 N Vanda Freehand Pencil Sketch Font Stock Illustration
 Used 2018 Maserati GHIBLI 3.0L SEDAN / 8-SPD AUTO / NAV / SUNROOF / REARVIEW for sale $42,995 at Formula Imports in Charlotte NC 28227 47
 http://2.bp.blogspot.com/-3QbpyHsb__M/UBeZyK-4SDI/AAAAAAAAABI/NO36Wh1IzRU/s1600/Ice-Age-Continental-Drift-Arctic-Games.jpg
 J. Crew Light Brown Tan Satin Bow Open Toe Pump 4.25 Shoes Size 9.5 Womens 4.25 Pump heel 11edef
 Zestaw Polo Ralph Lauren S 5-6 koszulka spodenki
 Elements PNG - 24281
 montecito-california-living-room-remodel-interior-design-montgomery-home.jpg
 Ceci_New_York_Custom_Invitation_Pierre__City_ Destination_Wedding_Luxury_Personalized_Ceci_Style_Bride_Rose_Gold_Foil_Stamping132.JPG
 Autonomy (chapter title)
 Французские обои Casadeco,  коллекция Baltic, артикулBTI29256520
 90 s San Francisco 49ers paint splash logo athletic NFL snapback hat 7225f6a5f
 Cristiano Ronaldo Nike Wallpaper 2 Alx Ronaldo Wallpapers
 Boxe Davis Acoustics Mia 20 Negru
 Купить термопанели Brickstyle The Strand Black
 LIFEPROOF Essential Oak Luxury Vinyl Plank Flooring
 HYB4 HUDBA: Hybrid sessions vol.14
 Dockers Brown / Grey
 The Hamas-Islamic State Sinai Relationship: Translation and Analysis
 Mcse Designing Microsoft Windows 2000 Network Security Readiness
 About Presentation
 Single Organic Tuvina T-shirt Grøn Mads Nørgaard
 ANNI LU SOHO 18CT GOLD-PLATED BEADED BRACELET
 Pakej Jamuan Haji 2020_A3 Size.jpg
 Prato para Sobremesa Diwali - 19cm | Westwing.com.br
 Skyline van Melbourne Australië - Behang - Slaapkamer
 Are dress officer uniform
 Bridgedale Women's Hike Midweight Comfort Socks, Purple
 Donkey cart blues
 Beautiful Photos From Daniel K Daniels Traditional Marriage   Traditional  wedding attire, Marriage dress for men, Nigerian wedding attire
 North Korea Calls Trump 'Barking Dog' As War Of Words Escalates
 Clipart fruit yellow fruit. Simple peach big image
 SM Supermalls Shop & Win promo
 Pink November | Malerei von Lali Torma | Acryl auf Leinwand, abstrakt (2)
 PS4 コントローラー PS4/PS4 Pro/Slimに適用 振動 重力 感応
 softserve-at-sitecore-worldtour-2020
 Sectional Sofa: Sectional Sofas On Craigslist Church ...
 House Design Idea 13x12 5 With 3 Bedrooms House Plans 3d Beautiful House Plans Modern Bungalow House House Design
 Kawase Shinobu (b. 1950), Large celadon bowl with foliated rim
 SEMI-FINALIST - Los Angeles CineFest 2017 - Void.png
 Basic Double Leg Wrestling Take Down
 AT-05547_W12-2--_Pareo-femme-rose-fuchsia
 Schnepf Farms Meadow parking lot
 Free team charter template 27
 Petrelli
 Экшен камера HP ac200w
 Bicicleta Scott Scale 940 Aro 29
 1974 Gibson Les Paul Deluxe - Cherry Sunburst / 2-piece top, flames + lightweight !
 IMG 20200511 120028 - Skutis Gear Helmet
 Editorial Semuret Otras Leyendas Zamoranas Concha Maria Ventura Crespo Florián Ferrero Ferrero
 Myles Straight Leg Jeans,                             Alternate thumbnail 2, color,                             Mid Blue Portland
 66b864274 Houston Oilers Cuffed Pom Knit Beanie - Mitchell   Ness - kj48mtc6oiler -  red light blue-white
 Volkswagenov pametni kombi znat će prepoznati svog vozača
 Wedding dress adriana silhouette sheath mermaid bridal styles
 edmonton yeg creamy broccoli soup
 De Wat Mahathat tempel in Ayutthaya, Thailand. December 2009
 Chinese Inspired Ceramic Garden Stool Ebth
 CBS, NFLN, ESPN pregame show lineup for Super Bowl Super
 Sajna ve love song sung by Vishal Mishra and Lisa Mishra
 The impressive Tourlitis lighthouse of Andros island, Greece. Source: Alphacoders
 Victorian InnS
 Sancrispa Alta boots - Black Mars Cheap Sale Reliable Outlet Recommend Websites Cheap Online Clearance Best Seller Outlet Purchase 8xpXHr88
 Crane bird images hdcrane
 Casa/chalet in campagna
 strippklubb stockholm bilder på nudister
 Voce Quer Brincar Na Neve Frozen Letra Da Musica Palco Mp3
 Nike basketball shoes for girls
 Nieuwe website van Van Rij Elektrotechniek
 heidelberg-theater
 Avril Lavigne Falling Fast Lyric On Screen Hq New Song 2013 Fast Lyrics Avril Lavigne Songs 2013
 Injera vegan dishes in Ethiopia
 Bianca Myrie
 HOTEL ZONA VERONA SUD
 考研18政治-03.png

---+---

What the task requires: Print exactly the lines above, between the one holding "Купить термопанели Brickstyle" and the one holding "Editorial Semuret Otras", inclusive, and nothing besides.

Reply:
 Купить термопанели Brickstyle The Strand Black
 LIFEPROOF Essential Oak Luxury Vinyl Plank Flooring
 HYB4 HUDBA: Hybrid sessions vol.14
 Dockers Brown / Grey
 The Hamas-Islamic State Sinai Relationship: Translation and Analysis
 Mcse Designing Microsoft Windows 2000 Network Security Readiness
 About Presentation
 Single Organic Tuvina T-shirt Grøn Mads Nørgaard
 ANNI LU SOHO 18CT GOLD-PLATED BEADED BRACELET
 Pakej Jamuan Haji 2020_A3 Size.jpg
 Prato para Sobremesa Diwali - 19cm | Westwing.com.br
 Skyline van Melbourne Australië - Behang - Slaapkamer
 Are dress officer uniform
 Bridgedale Women's Hike Midweight Comfort Socks, Purple
 Donkey cart blues
 Beautiful Photos From Daniel K Daniels Traditional Marriage   Traditional  wedding attire, Marriage dress for men, Nigerian wedding attire
 North Korea Calls Trump 'Barking Dog' As War Of Words Escalates
 Clipart fruit yellow fruit. Simple peach big image
 SM Supermalls Shop & Win promo
 Pink November | Malerei von Lali Torma | Acryl auf Leinwand, abstrakt (2)
 PS4 コントローラー PS4/PS4 Pro/Slimに適用 振動 重力 感応
 softserve-at-sitecore-worldtour-2020
 Sectional Sofa: Sectional Sofas On Craigslist Church ...
 House Design Idea 13x12 5 With 3 Bedrooms House Plans 3d Beautiful House Plans Modern Bungalow House House Design
 Kawase Shinobu (b. 1950), Large celadon bowl with foliated rim
 SEMI-FINALIST - Los Angeles CineFest 2017 - Void.png
 Basic Double Leg Wrestling Take Down
 AT-05547_W12-2--_Pareo-femme-rose-fuchsia
 Schnepf Farms Meadow parking lot
 Free team charter template 27
 Petrelli
 Экшен камера HP ac200w
 Bicicleta Scott Scale 940 Aro 29
 1974 Gibson Les Paul Deluxe - Cherry Sunburst / 2-piece top, flames + lightweight !
 IMG 20200511 120028 - Skutis Gear Helmet
 Editorial Semuret Otras Leyendas Zamoranas Concha Maria Ventura Crespo Florián Ferrero Ferrero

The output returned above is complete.